Secde ve rükünun zikredilmesi; namaz rükünlerini yerine getirme konusunda mübalağa, icabına riayet ve secde ile rükunun faziletini, namazda asıl olduklarını bildirmek içindir.Hz. Meryem'e bahşedilen nimetler ve bunlara mukabil ondan istenen ibadetler, tüm kadınlara bir örnektir. Huşu içinde Allah'ın huzurunda ayakta durmak, secde ve rüku etmek, bütün müslüman kadınların yapması gereken ibadetlerdendir.

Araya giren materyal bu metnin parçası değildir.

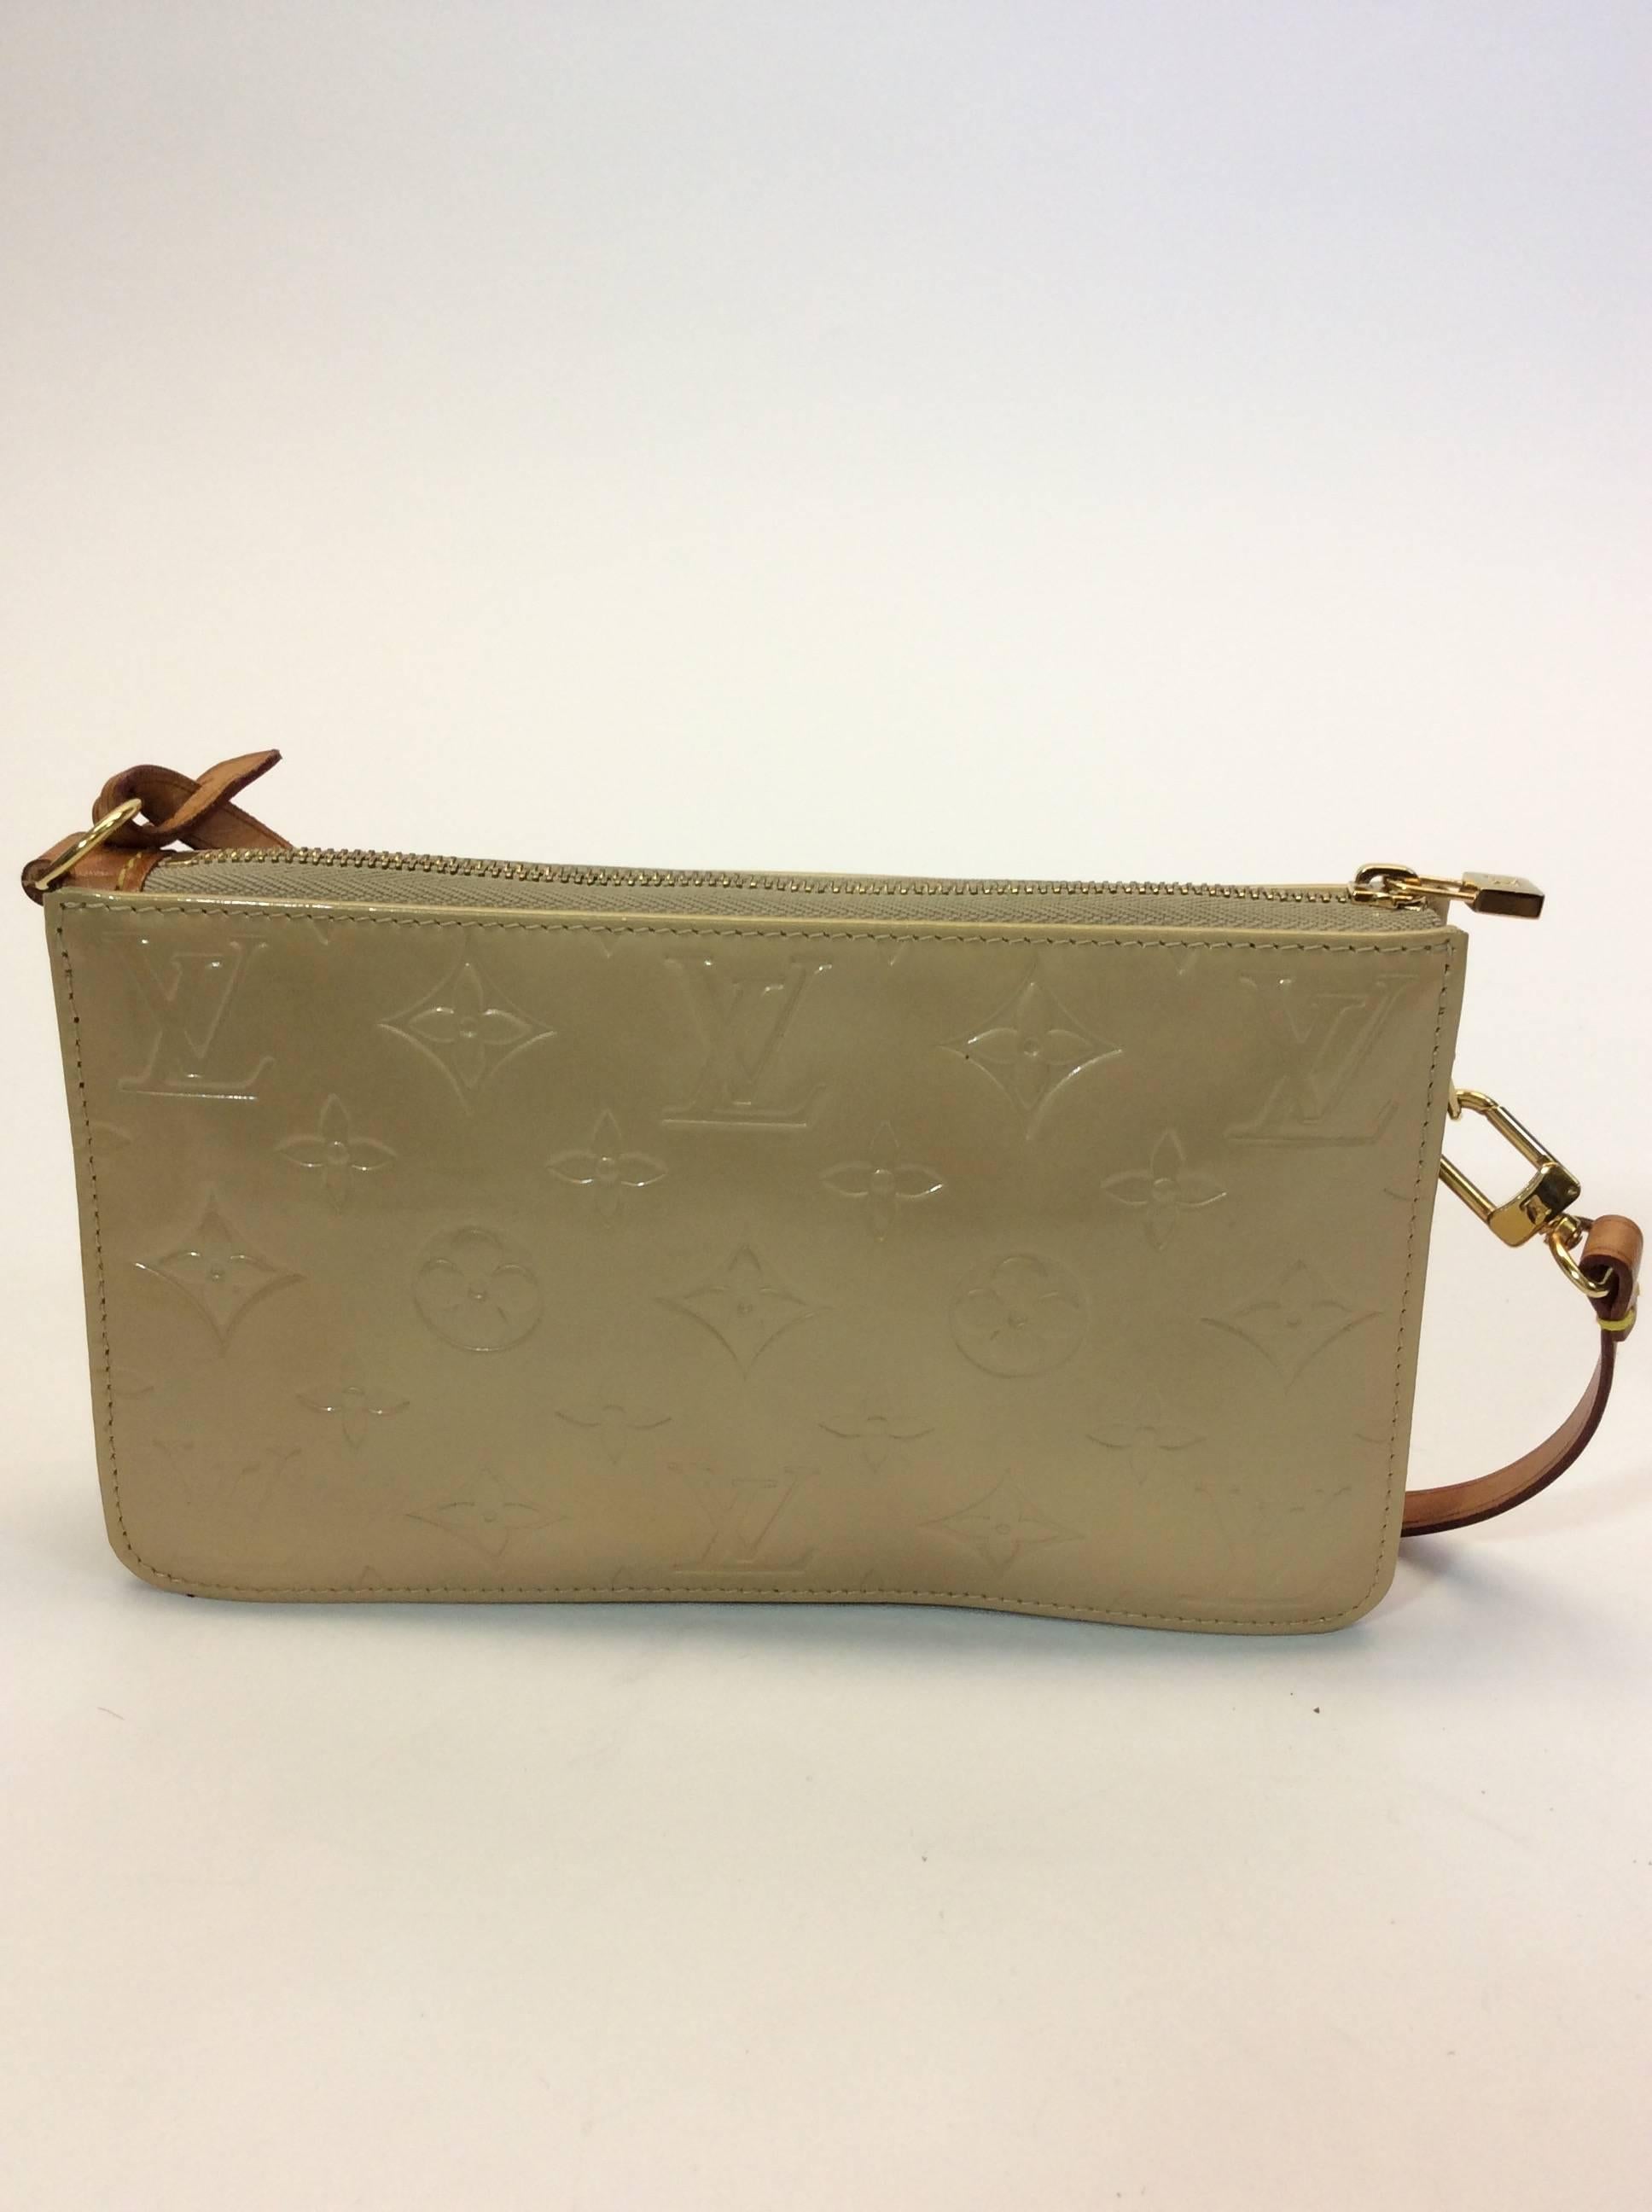 Brown Louis Vuitton Small Tan Patent Leather Monogrammed Handbag For Sale

✽ ‘يَا مَرْيَمُ’ nidasının tekrar edilmesi durumuna taaccüp kastıyladır. İlk nida Hz. Meryem’in meleklerin çağrısını dinlemeye yönelmesi için, ikincisi ise durumunu tazim ve taccüp için kullanılmıştır.
✽ 'İtaat et'ten sonra 'Secde ve rüku et' emrinin gelmesi, umumdan sonra hususiyi zikirle itnabtır.
✽ اقْنُتٖي وَاسْجُدٖي وَارْكَعٖي fiilleri arasında, muvazene ve muraat-ı nazır vardır.
✽ اقْنُتٖي لِرَبِّكِ 'Rabbine itaat et' yani itaate devam et, anlamındadır. Kevn-i sabıktır.
Mefhum-u lakabı, Rabbinden başka kimseye itaat etme, demektir.
✽ 'Rüku edenler' sıfatlı kinayedir. Hz. Meryem'in bulunduğu mihrabtaki abidler kastedilmiştir.
Cüz-kül alakası ile rüku ve secde söylenmiş namaz kastedilmiştir.